What to work on ::
Return the lines of the material below exactly, beginning with the line that has "Hand holds chip" in it and finishing with the line that has "This American Experience" in it. Leave all pictures aside.

Available data ::
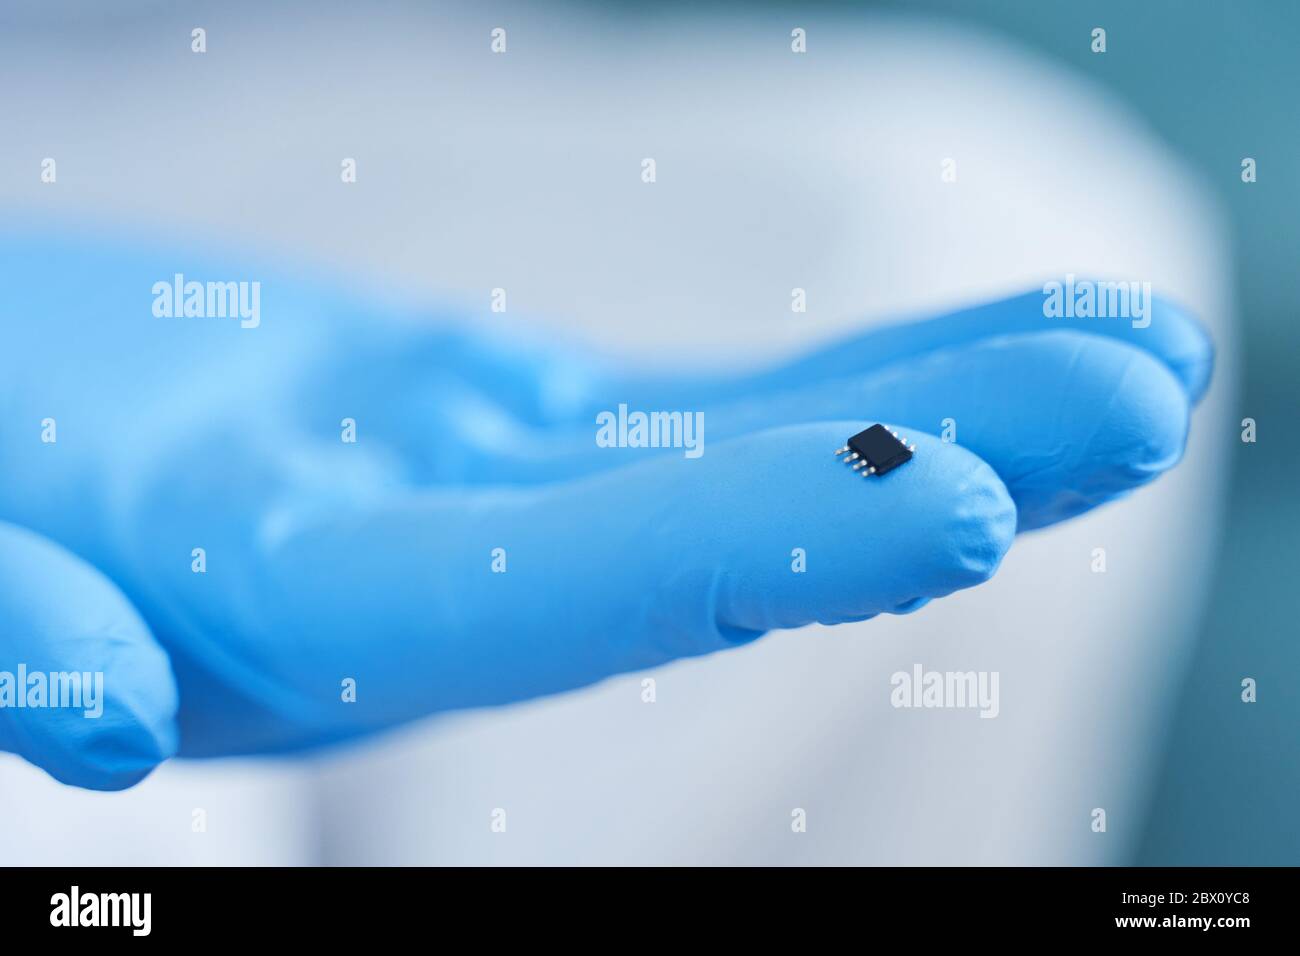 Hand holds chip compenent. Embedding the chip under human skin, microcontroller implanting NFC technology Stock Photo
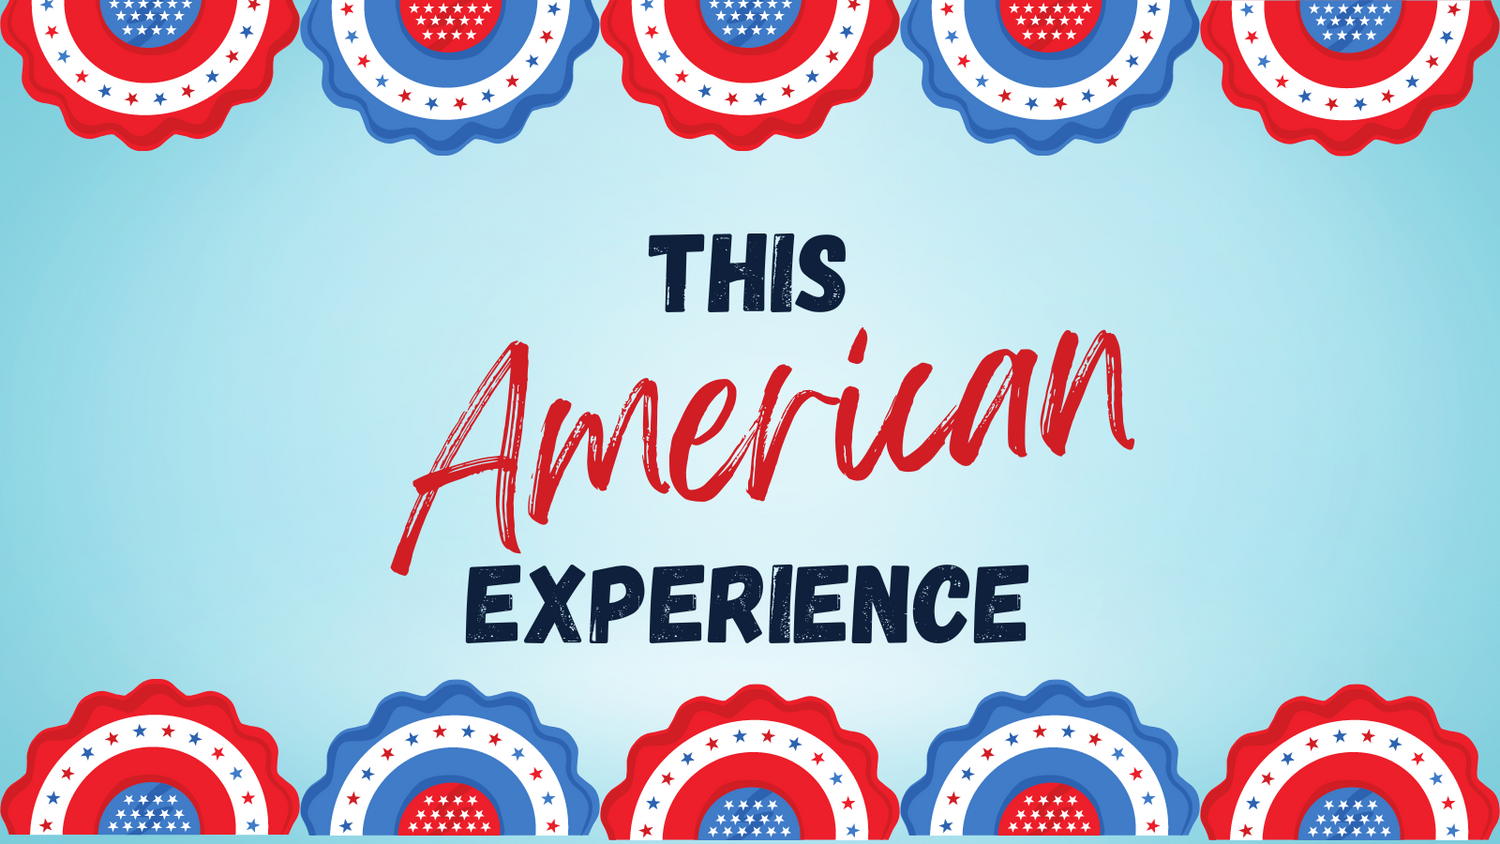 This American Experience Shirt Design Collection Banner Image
==
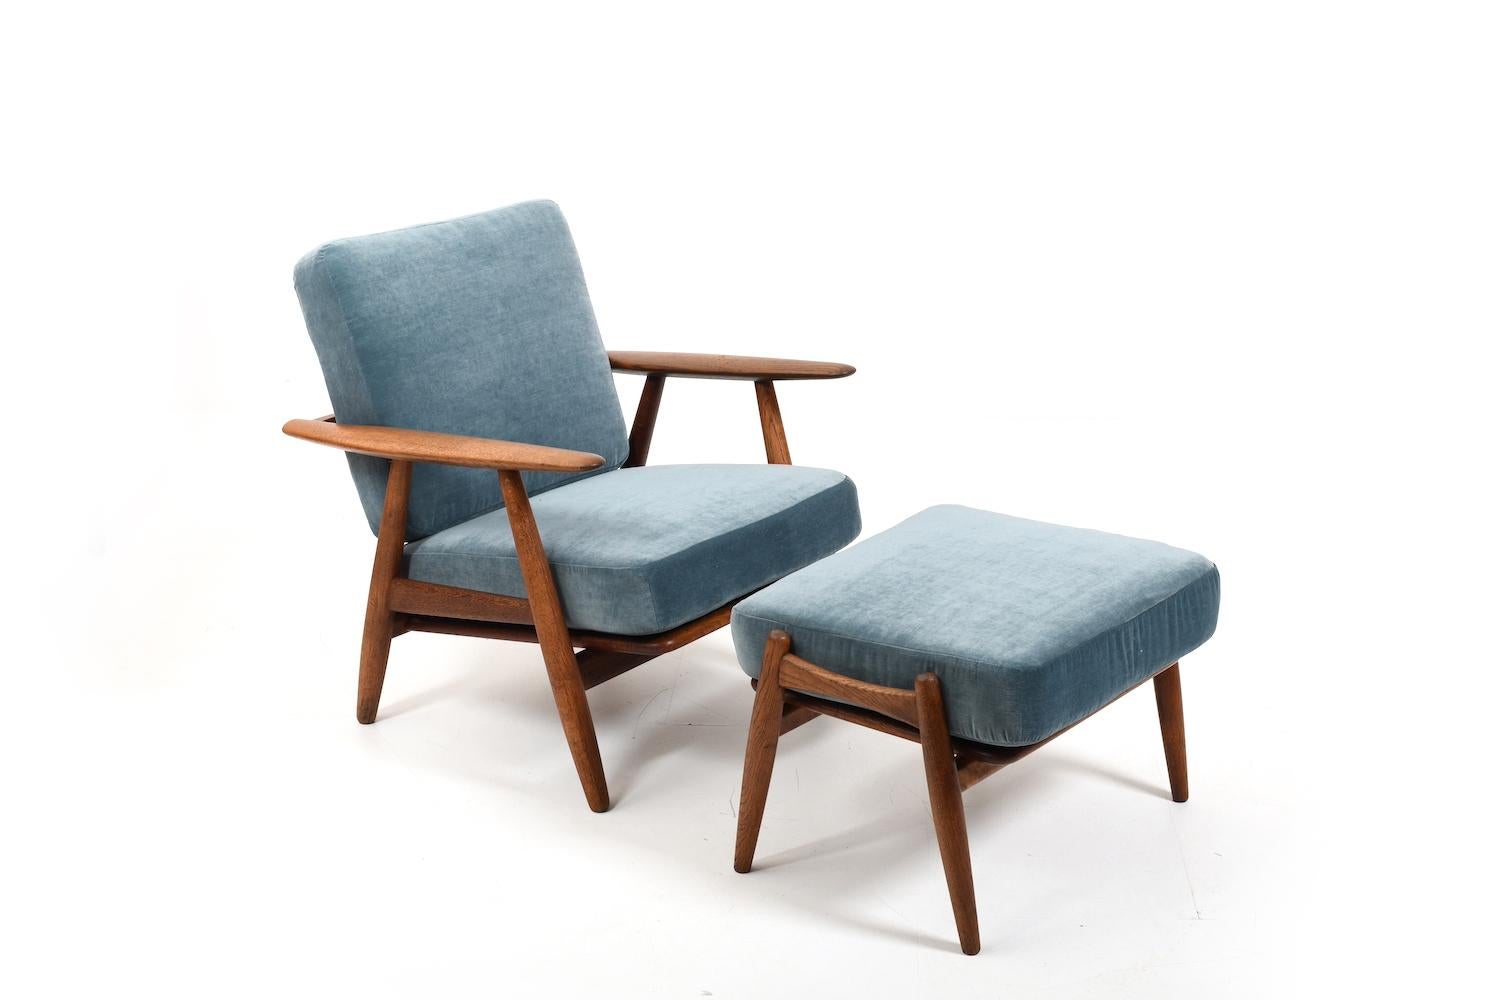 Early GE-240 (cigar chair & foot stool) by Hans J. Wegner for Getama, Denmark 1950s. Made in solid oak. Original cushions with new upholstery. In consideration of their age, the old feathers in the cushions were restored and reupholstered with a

Answer to the exercise ::
 Hand holds chip compenent. Embedding the chip under human skin, microcontroller implanting NFC technology Stock Photo
 This American Experience Shirt Design Collection Banner Image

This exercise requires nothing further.